I have to Kronikle the arrival of the white-bellied swallow and the commencement of the frog choir, which saluted my ear for the first time on the evening of the 3d inst. The fields are becoming a little greener, and the trailing moss is already waving along the sides of the rivulets. I have n’t walked much, however, as I have been busy about farm work, the months of April and May being my busiest time, but as my real business is with Nature, I do not let any of these ‘side issues’ lead me astray. How serenely and grandly amid the din of arms Nature preserves her integrity, nothing moved; with the return of spring come the birds and the flowers, the swollen streams go dancing on, and all the laws of the great solar system are perfectly preserved. How wise, how great, must be the Creator and Mover of it all! But I descend to the affairs of mortals, which particularly concern us at this time. I do not think that the people of the North appear to be awakened, enlightened, rather, to their duty in this great struggle. I fear that there is a great deal of treachery which time will alone discover and remove, for the Right must eventually prevail. Can we expect when we consult the page of history that this revolution will be more speedily terminated than others of a like nature? The civil war of England lasted, I think, some ten years, and the American Revolution some seven or eight years, besides the years of antecedent agitation. We have no Cromwell, unless Wendell Phillips shall by and by prove one; but at present he rather represents Hampden, whose mournful end was perhaps a better one than to be killed by a rotten-egg mob. The voice of Hogopolis (the mob portion of Cincinnati), if such grunts can be thus dignified, must prove a lasting disgrace. The government party, if we have a government, seems to continue with a saintly perseverance their faith in General McClellan. How much longer this state of delay will continue to be borne it is difficult to foresee, but I trust the force of circumstances (sub Deo) will soon require a move for the cause of liberty.

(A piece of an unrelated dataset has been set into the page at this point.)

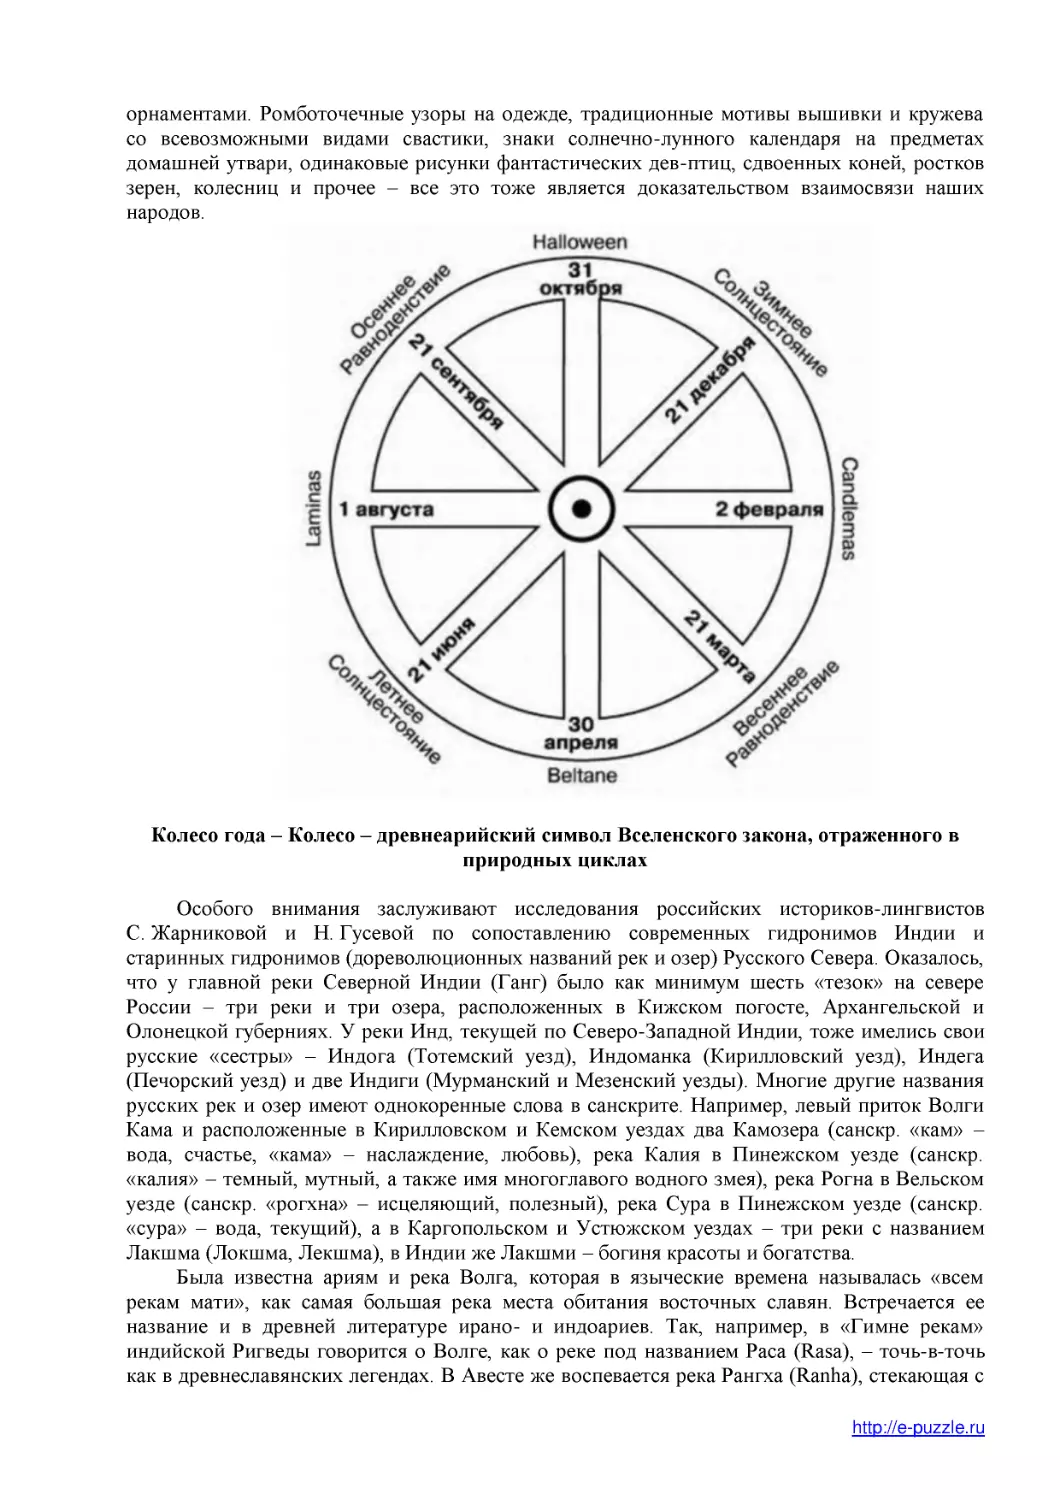 Колесо года – Колесо – древнеарийский символ Вселенского закона, отраженного в природных циклах

I read but little of the newspaper reports of the war, rather preferring to be governed by the general characteristics of the case, as they involuntarily affect my mind.
4 p.m. Since writing the foregoing, somewhat more than an hour ago, I have taken a stroll with my son Walton and our dog through the woods and fields west of our house, where you and I have walked several times; the afternoon is sunny and of mild temperature, but the wind from the N.W. rather cool, rendering overcoat agreeable. Our principal object was to look at lichens and mosses, to which W. is paying some attention. We started up a woodcock at the south edge of the woods, and a large number of robins in a field adjoining, also pigeon-woodpeckers, and heard the warble of bluebirds.

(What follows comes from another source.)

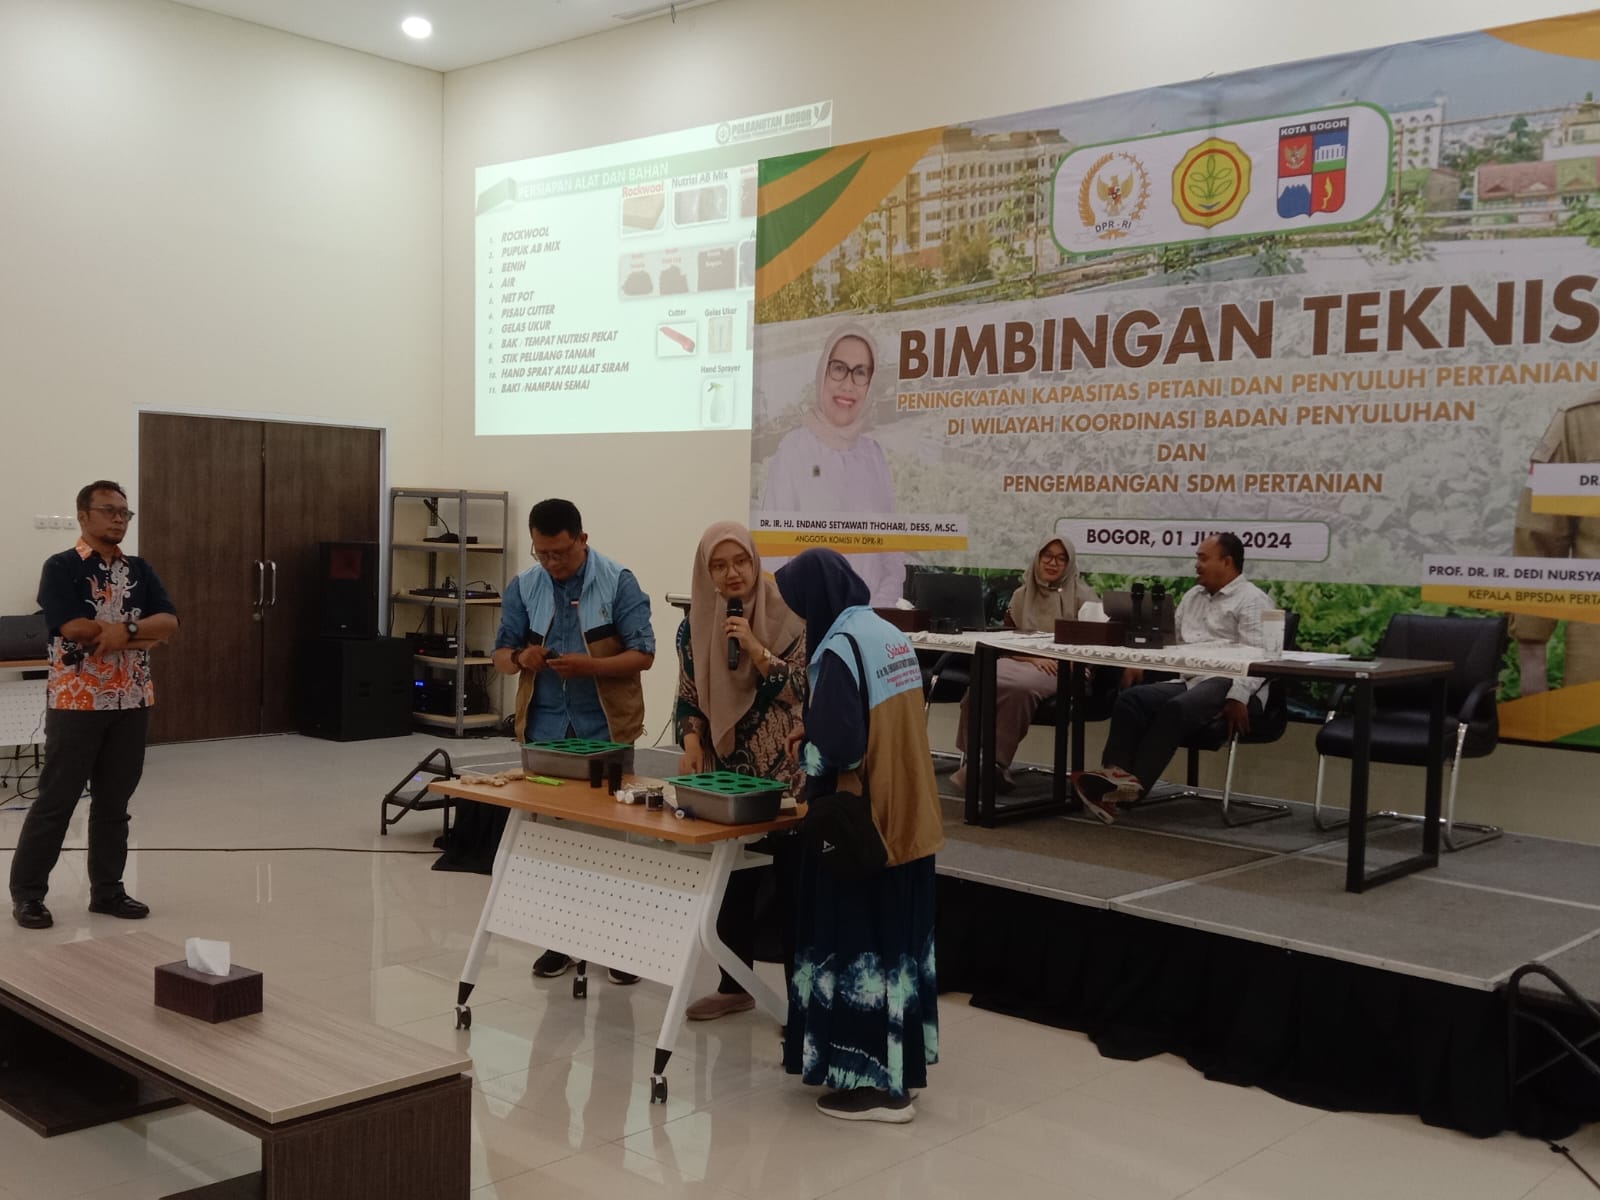 Politeknik Pembangunan Pertanian (Polbangtan) Bogor dengan dukungan Komisi IV DPR RI Wilayah Kota Bogor melaksanakan kegiatan Bimbingan Teknis (Bimtek) untuk meningkatkan kapasitas petani

I remain, with faith in the sustaining forces of Nature and Nature’s God,
Yours truly and affectionately,
Daniel Ricketson
Sophia Thoreau writes to Daniel Ricketson, telling him of Thoreau’s condition. Ricketson replies 13 April (The Correspondence of Henry David Thoreau, 652).
Daniel Ricketson writes to Thoreau:
I received a letter from your dear Sister a few days ago, informing me of your continued illness and porstration of physical strength, which I was not altogether unprepared to learn, as our valued friend Mr. Alcott wrote me by your sister’s request in February last, that you were confined at home and very feeble. I am glad, however, to learn from Sophia that you still find comfort and are happy, the reward I have no doubt of a virtuous life, and an abiding faith in the wisdom and goodness of our Heavenly Father. It is undoubtedly wiser ordained that our present lives should be mortal. Sooner or later we must all close our eyes for the last time upon the scenes of this world, and oh! how happy are they who feel the assurance that the spirit shall survive the earthly tabernacle of clay, and pass on to higher and happier spheres of experience.

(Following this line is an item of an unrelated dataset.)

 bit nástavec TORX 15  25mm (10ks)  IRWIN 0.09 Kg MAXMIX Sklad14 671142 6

“It must be so—Plato, though reasonest well:—
Else, whence this pleasing hope, this fond desire,
This longing after immortality.”
(Addison, Cato.)
“The soul’s dark cottage, battered, and decayed,
Lets in new light through chinks that time has made:
Stronger by weakness, wiser men become,
As they draw near to their eternal home.
Leaving the old both worlds at once they view
Who stands upon the threshold of the new.”
(Waller.)
It has been the lot of but a few, dear Henry, to extract so much from life as you have done. Although you number fewer years than many who have lived wisely before you, yet I know of no one, either in the past or present times, who has drank so deeply from the sempiternal spring of truth and knowledge, or who in the poetry and beauty of every-day life has enjoyed more or contributed more to the happiness of others. Truly you have not lived in vain—your works, and above all, your brave and truthful life, will become a precious treasure to those whose happiness it has been to have known you, and who will continue to uphold though with feebler hands the fresh and instructive philosophy you have taught them.
But I cannot yet resign my hold upon you here. I will still hope, and if my poor prayer to God may be heard, would ask, that you may be spared to us a whole longer, at least. This is a lovely spring day here—warm and mild—the thermometer in the shade at 62 above zero (3p.m.). I write with my shanty door open and my west curtain down to keep out the sun, a red-winged blackbird is regaling me with a querulous, half-broken song from a neighboring tree just in front of the house, and the gentle southwest wind is soughing through my young pines. Here where you have so often sat with me, I am alone. My dear Uncle James who you may remember to have seen here, the companion of my woodland walks for more than quarter of a century, died a year ago this month: my boys and girls have grown into men and women, and my dear wife is an invalid still, so though a pater familias, I often feel quite alone. Years are accumulating upon me, the buoyancy of youth has erewhile departed, and with some bodily and many mental infirmities I sometimes feel that the cords of life are fast separating. I wish at least to devote the remainder of my life, whether longer or shorter, to the cause of truth and humanity—a life of simplicity and humility. Pardon me for this dwelling on myself.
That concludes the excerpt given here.